Elsewhere, IBM, Huawei and others have all made significant investments in Apache Spark, integrating it into their own products and contributing enhancements and extensions back to the Apache project.

Web-based companies like Chinese search engine Baidu, e-commerce operation Alibaba Taobao, and social networking company Tencent all run Spark-based operations at scale, with Tencent's 800 million active users reportedly generating over 700 TB of data per day for processing on a cluster of more than 8,000 compute nodes.

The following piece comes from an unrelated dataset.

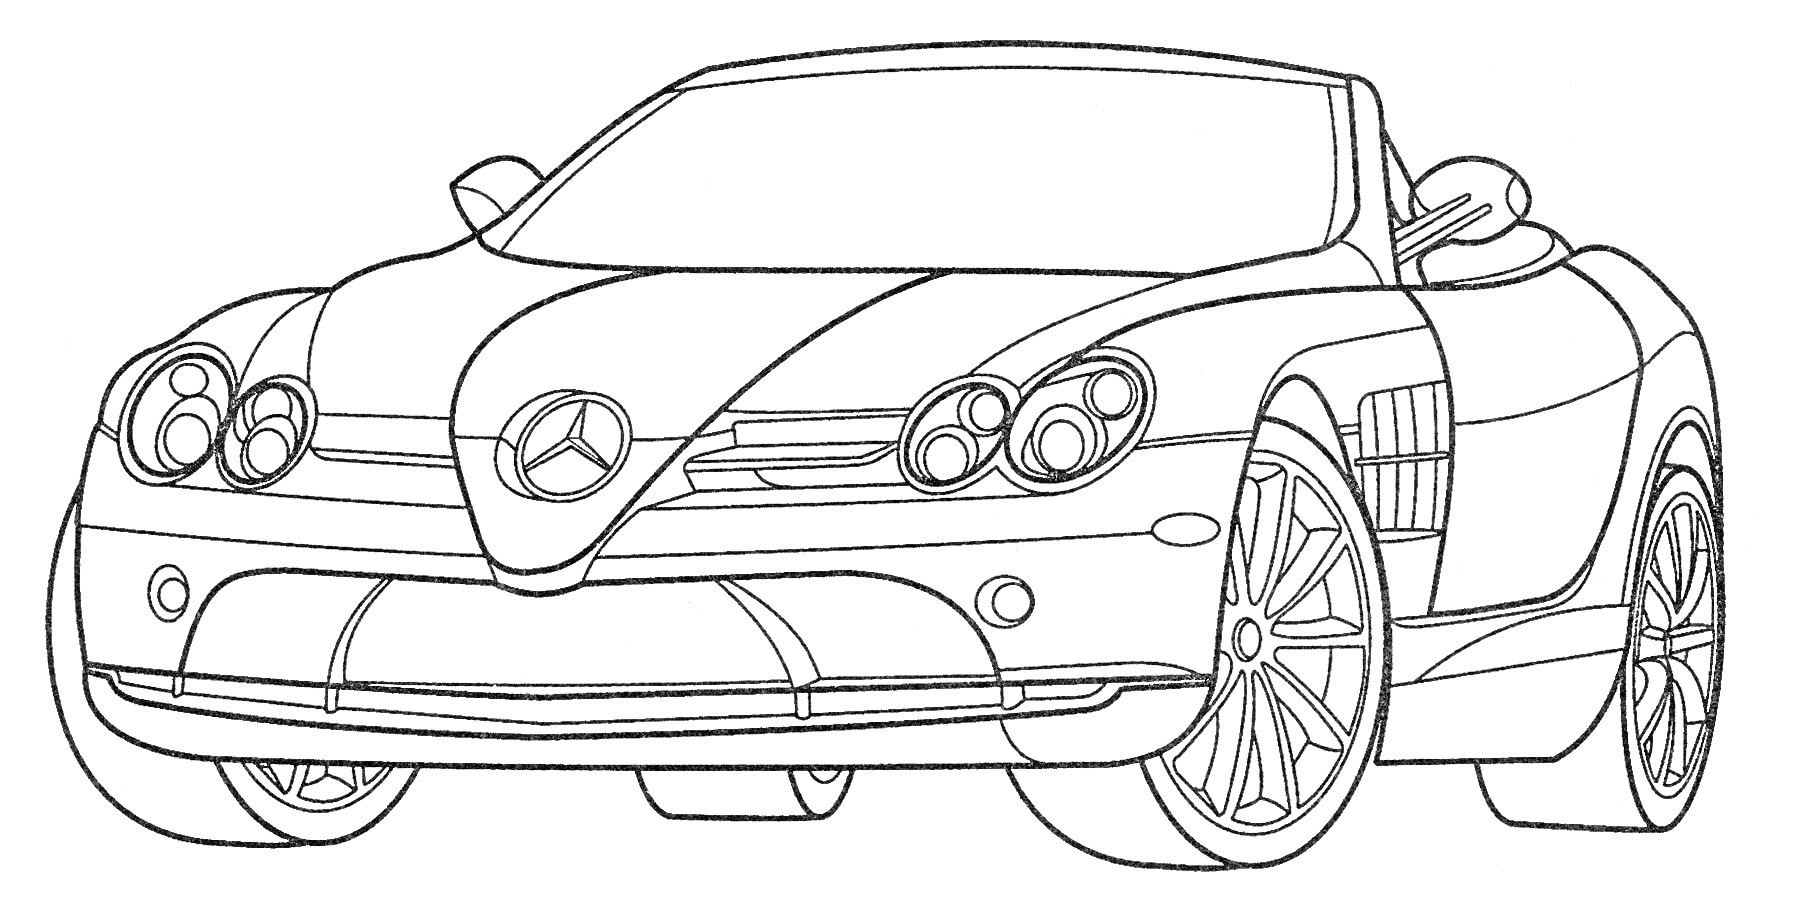 Кабриолет с логотипом Mercedes-Benz, видом спереди, с опущенной крышей и деталями дизайна кузова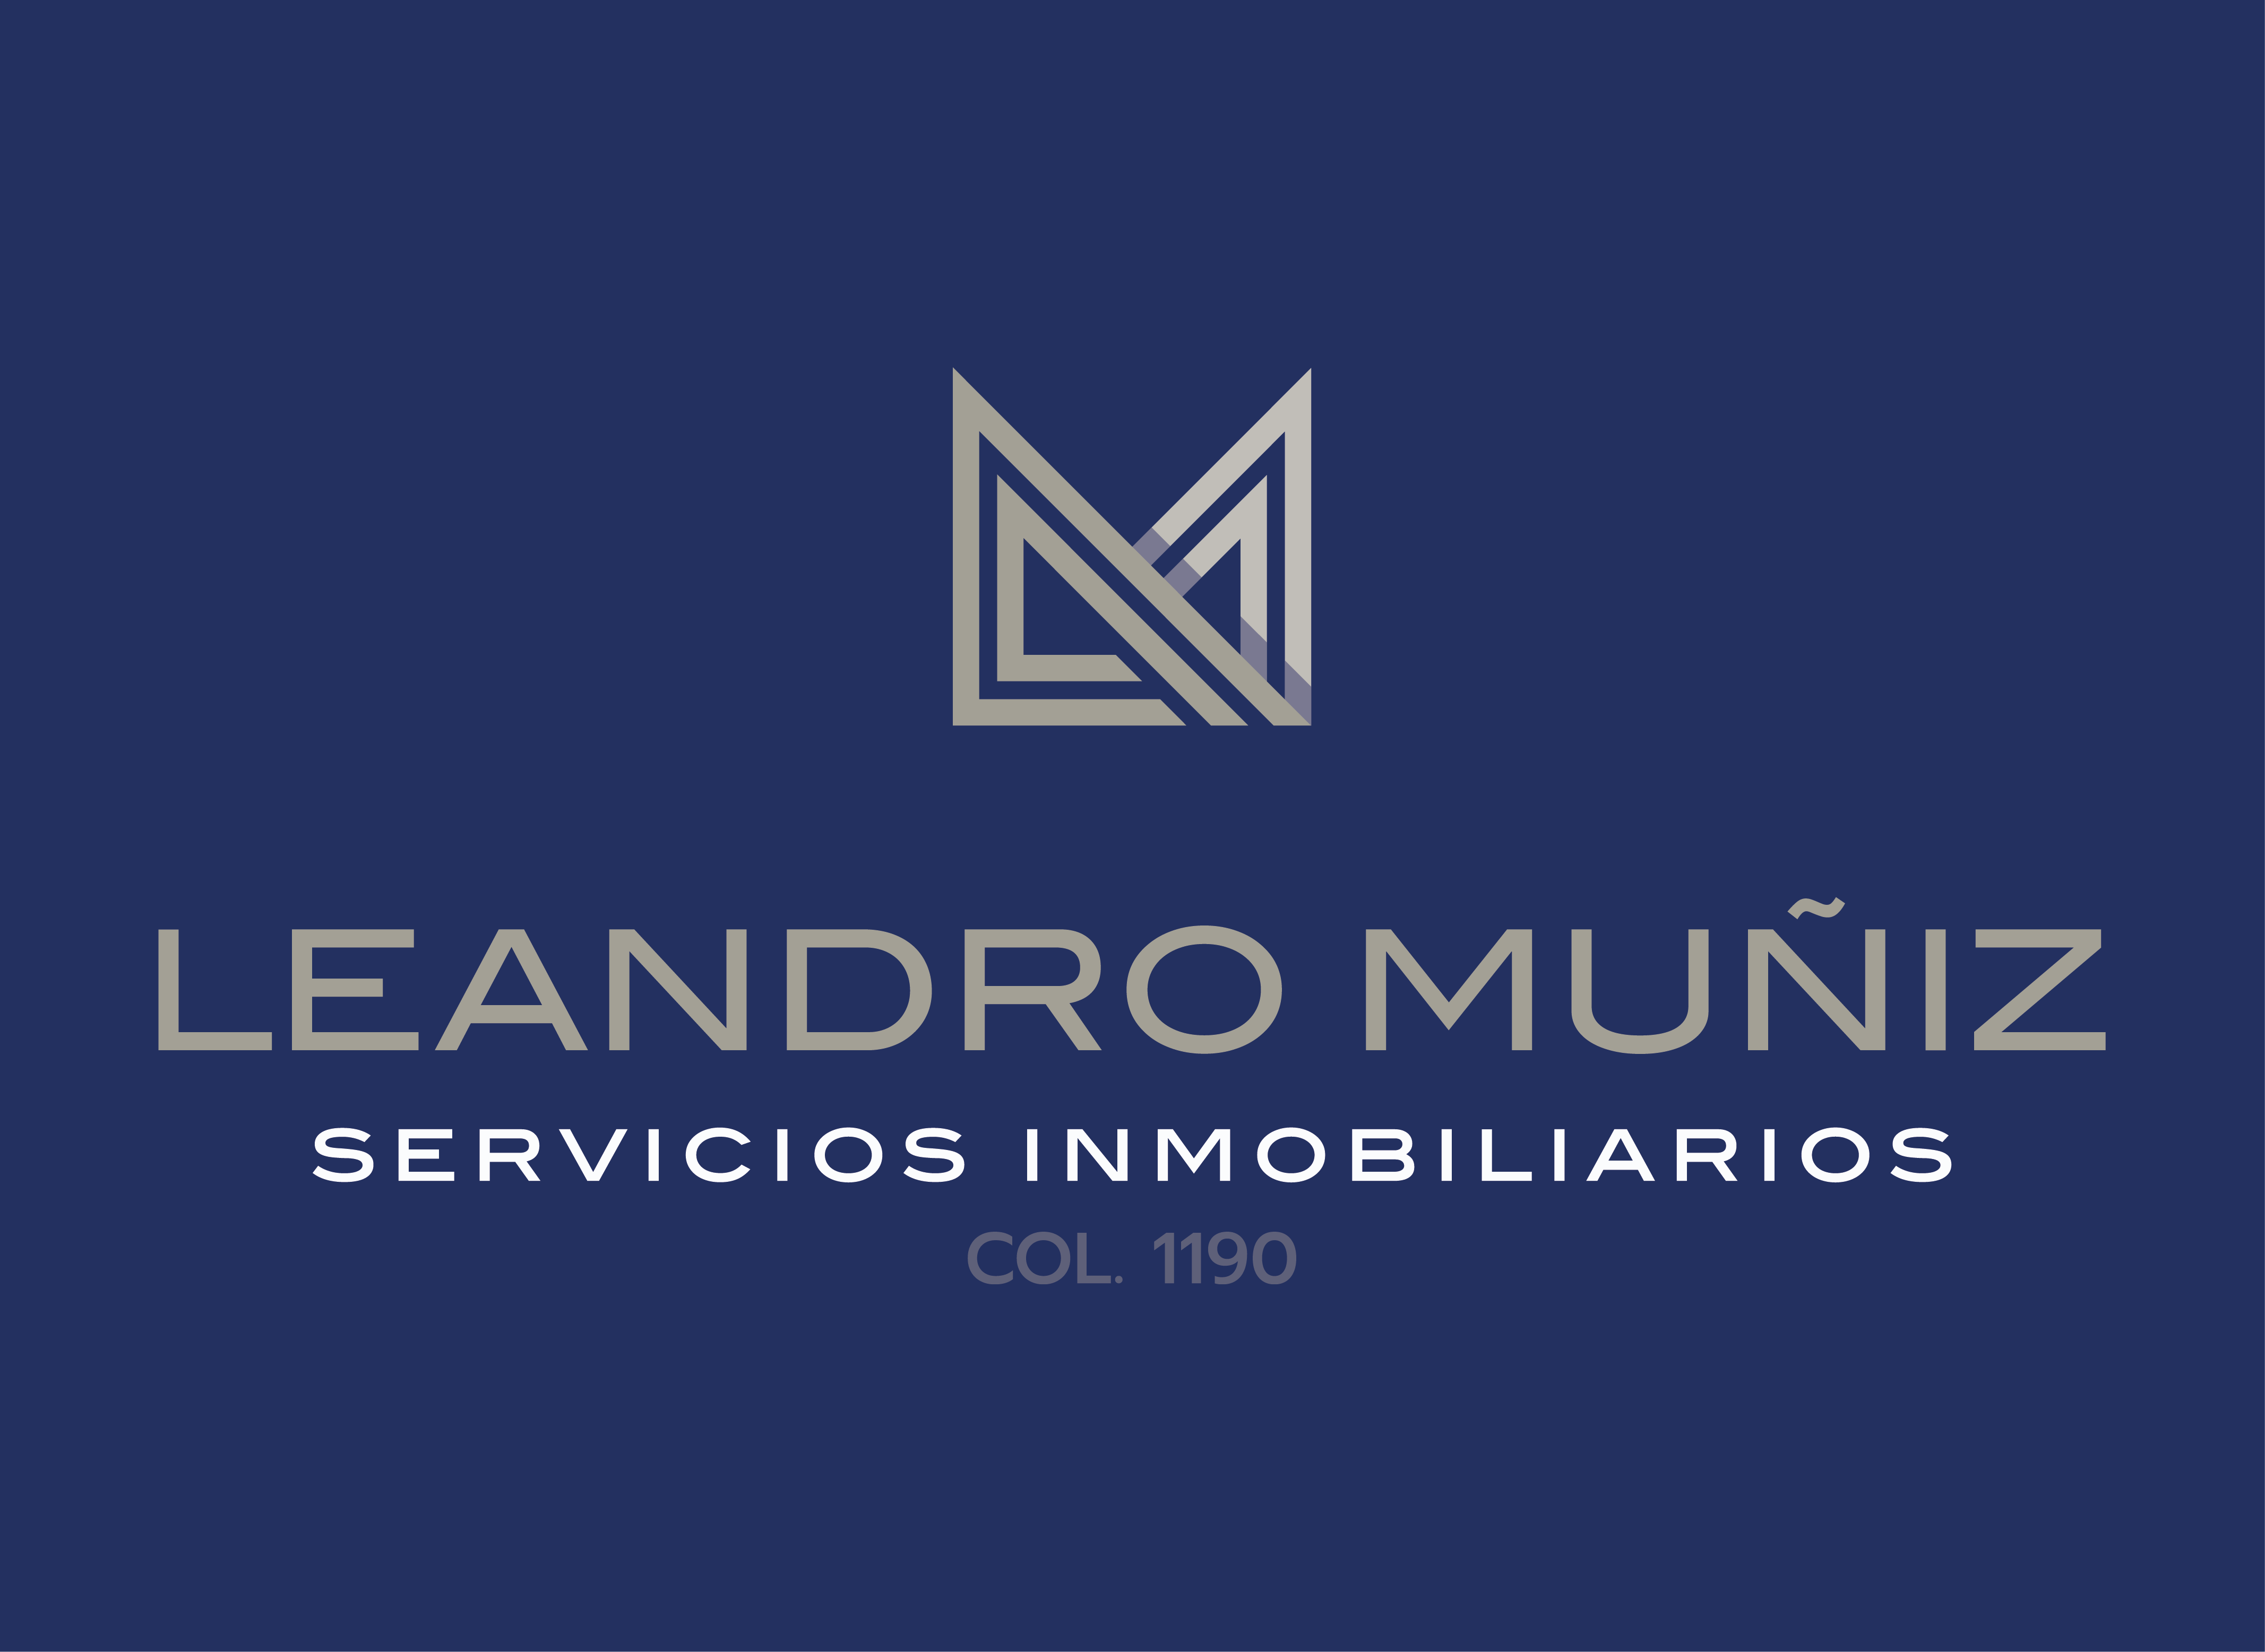 Leandro Muñiz Servicios Inmobiliarios

In addition to those web-based giants, pharmaceutical company Novartis depends upon Spark to reduce the time required to get modeling data into the hands of researchers, while ensuring that ethical and contractual safeguards are maintained.

What is Spark Used For?

Spark is a general-purpose data processing engine, an API-powered toolkit which data scientists and application developers incorporate into their applications to rapidly query, analyze and transform data at scale. Spark's flexibility makes it well-suited to tackling a range of use cases, and it is capable of handling several petabytes of data at a time, distributed across a cluster of thousands of cooperating physical or virtual servers. Typical use cases include:

  • Stream processing: From log files to sensor data, application developers increasingly have to cope with "streams" of data. This data arrives in a steady stream, often from multiple sources simultaneously. While it is certainly feasible to allow these data streams to be stored on disk and analyzed retrospectively, it can sometimes be sensible or important to process and act upon the data as it arrives. Streams of data related to financial transactions, for example, can be processed in real time to identify--and refuse--potentially fraudulent transactions.
  • Machine learning: As data volumes grow, machine learning approaches become more feasible and increasingly accurate. Software can be trained to identify and act upon triggers within well-understood data sets before applying the same solutions to new and unknown data. Spark's ability to store data in memory and rapidly run repeated queries makes it well-suited to training machine learning algorithms. Running broadly similar queries again and again, at scale, significantly reduces the time required to iterate through a set of possible solutions in order to find the most efficient algorithms.
  • Interactive analytics: Rather than running pre-defined queries to create static dashboards of sales or production line productivity or stock prices, business analysts and data scientists increasingly want to explore their data by asking a question, viewing the result, and then either altering the initial question slightly or drilling deeper into results. This interactive query process requires systems such as Spark that are able to respond and adapt quickly.
  • Data integration: Data produced by different systems across a business is rarely clean or consistent enough to simply and easily be combined for reporting or analysis. Extract, transform, and load (ETL) processes are often used to pull data from different systems, clean and standardize it, and then load it into a separate system for analysis. Spark (and Hadoop) are increasingly being used to reduce the cost and time required for this ETL process.